*Problem*: Repeat exactly the lines of the records below, starting at the line containing "Casa indipendente in" and ending at the line containing "estadios de LaLiga?". Leave the pictures out.

*Material shown*:
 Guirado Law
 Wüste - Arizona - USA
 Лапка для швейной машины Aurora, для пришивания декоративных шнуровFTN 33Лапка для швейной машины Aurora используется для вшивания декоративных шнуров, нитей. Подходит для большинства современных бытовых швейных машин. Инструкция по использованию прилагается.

--

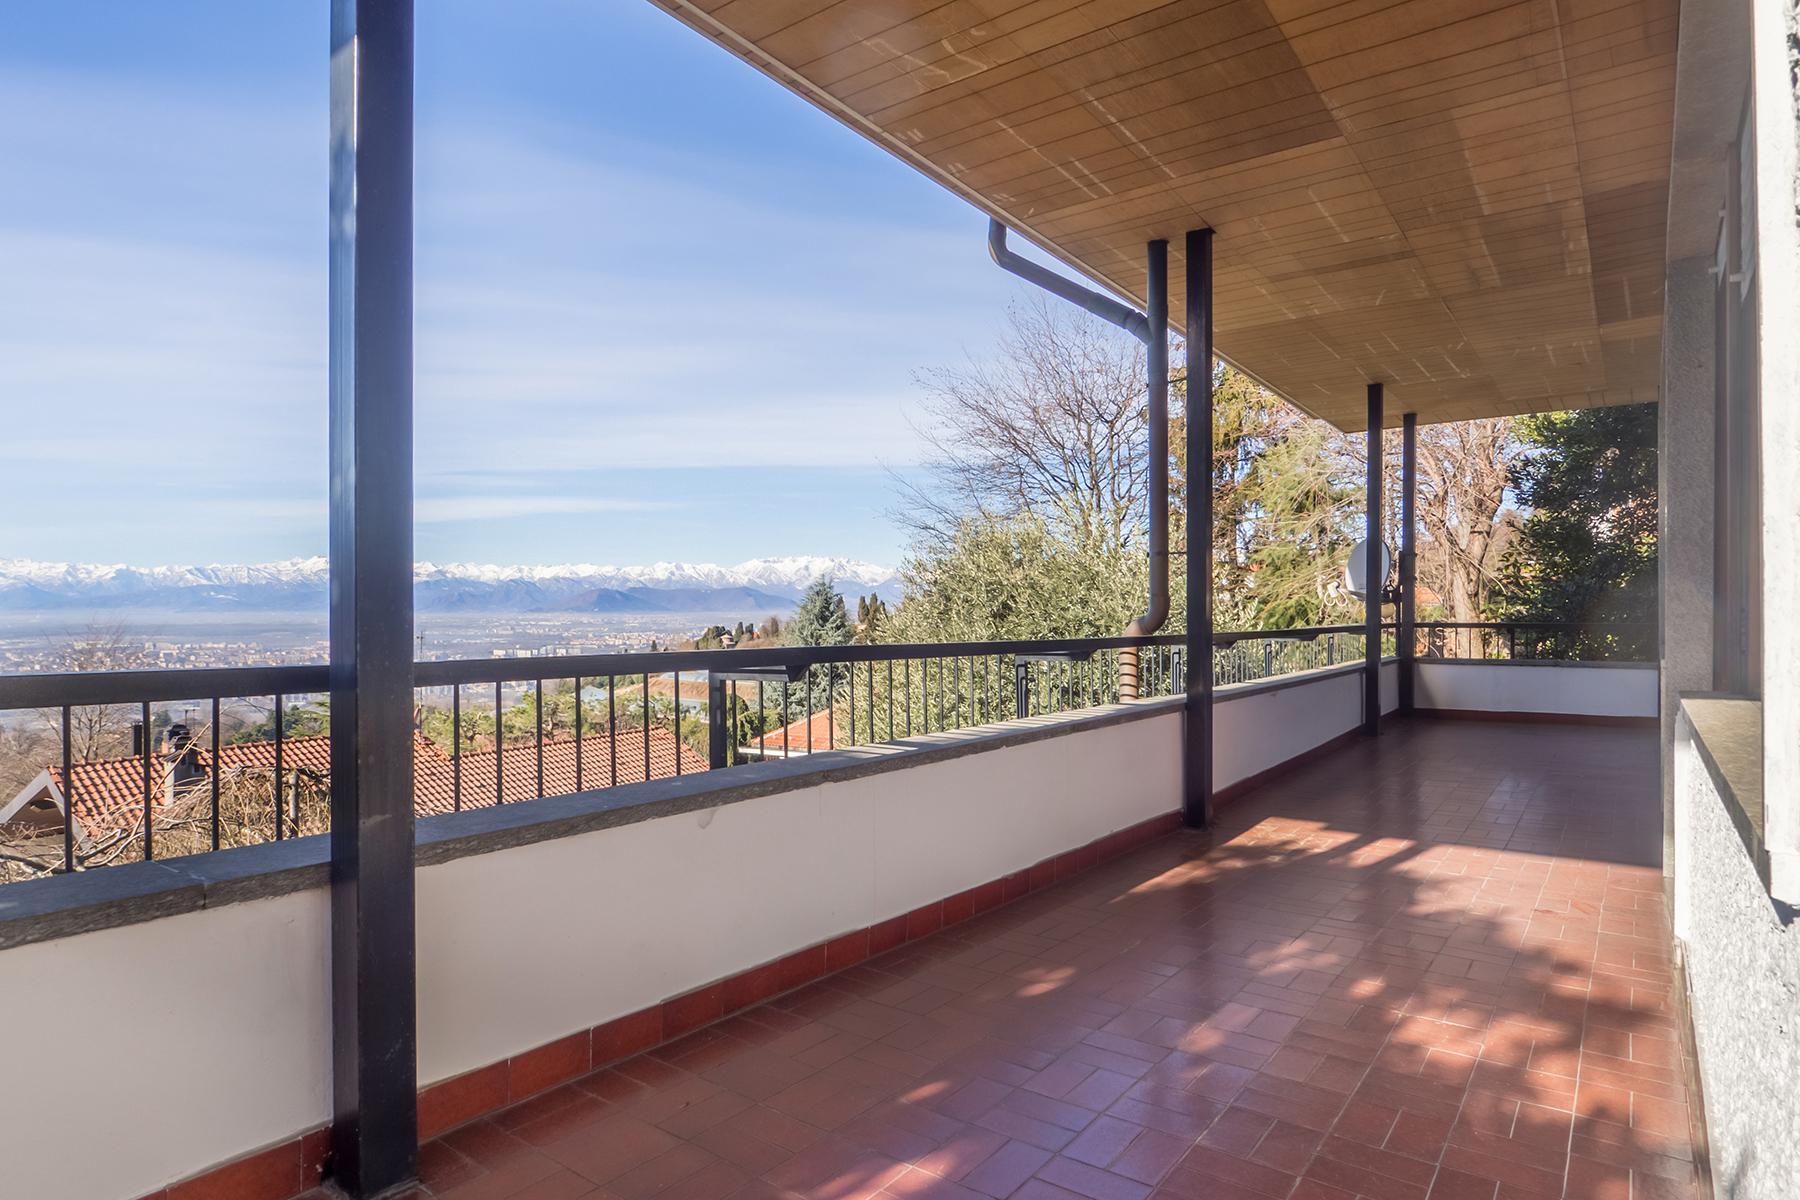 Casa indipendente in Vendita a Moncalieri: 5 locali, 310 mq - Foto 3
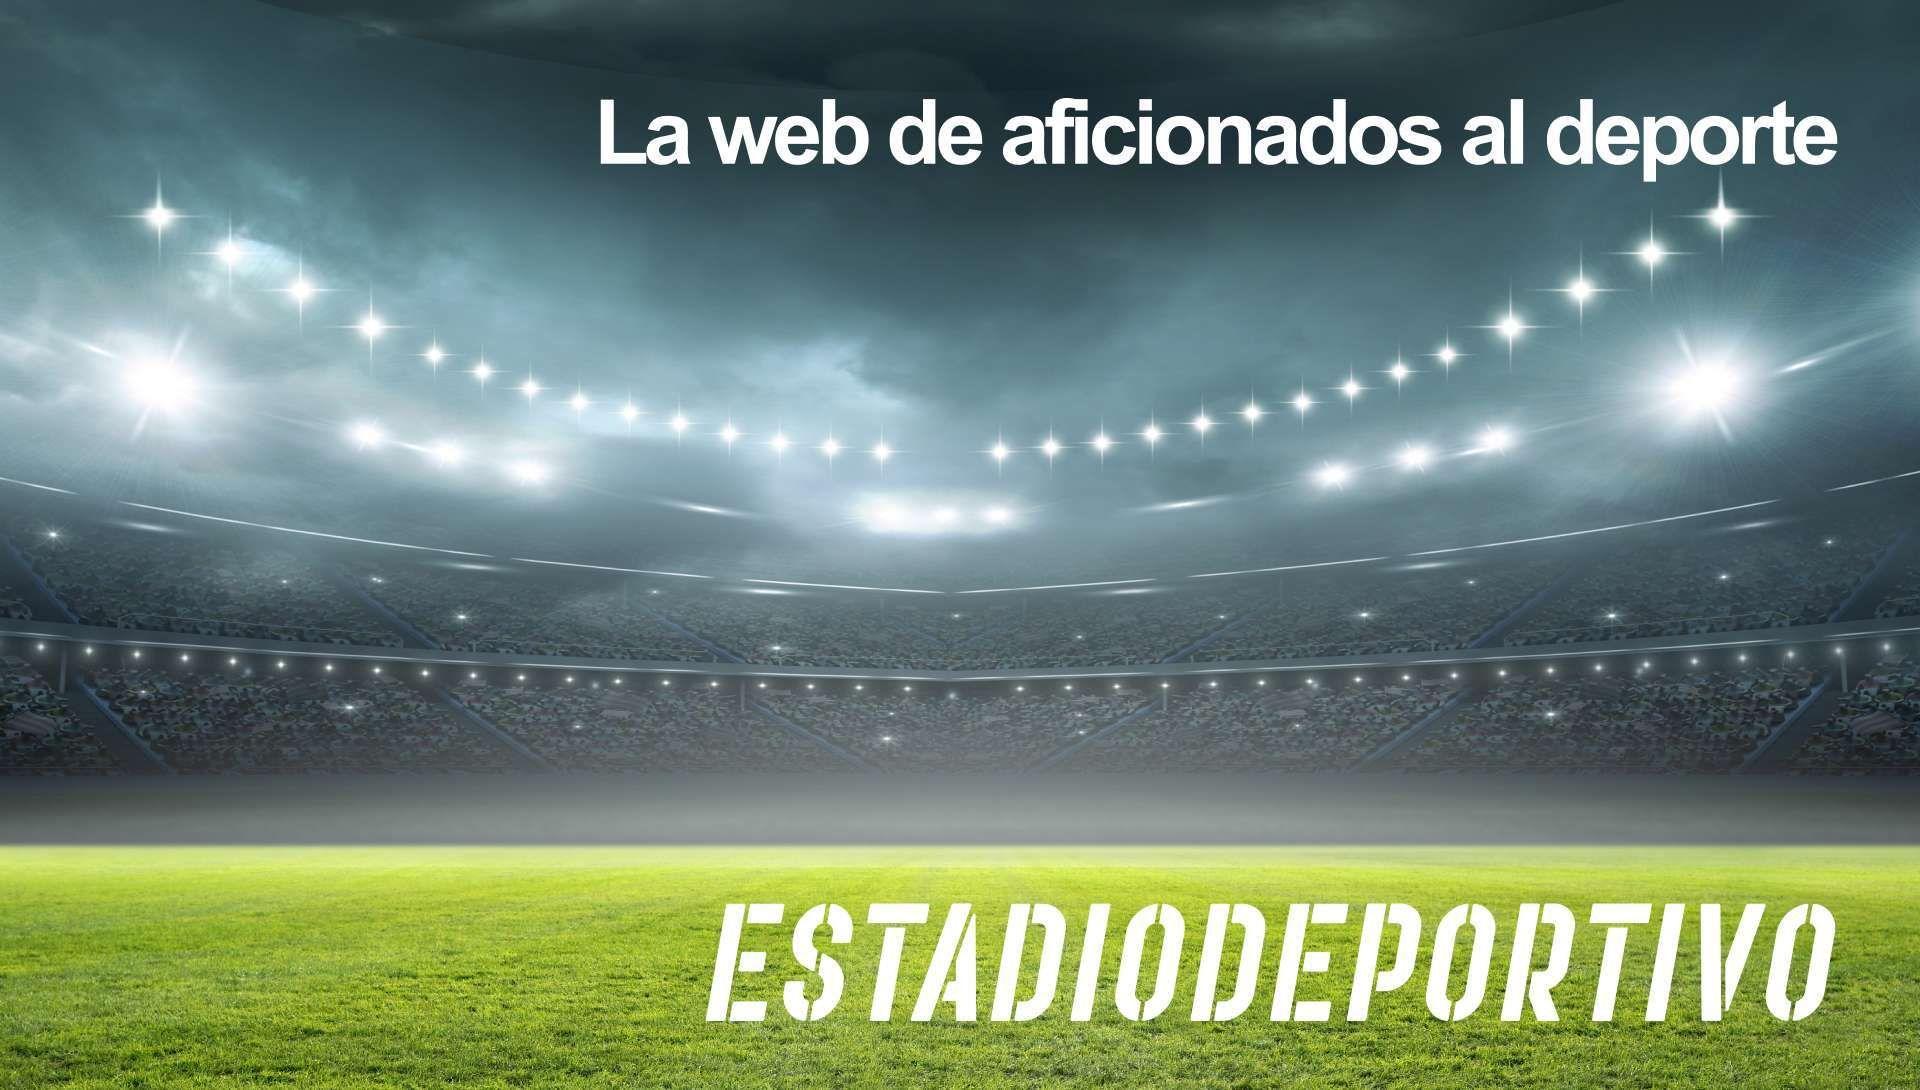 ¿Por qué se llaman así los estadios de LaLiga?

*Task solution*:
 Casa indipendente in Vendita a Moncalieri: 5 locali, 310 mq - Foto 3
 ¿Por qué se llaman así los estadios de LaLiga?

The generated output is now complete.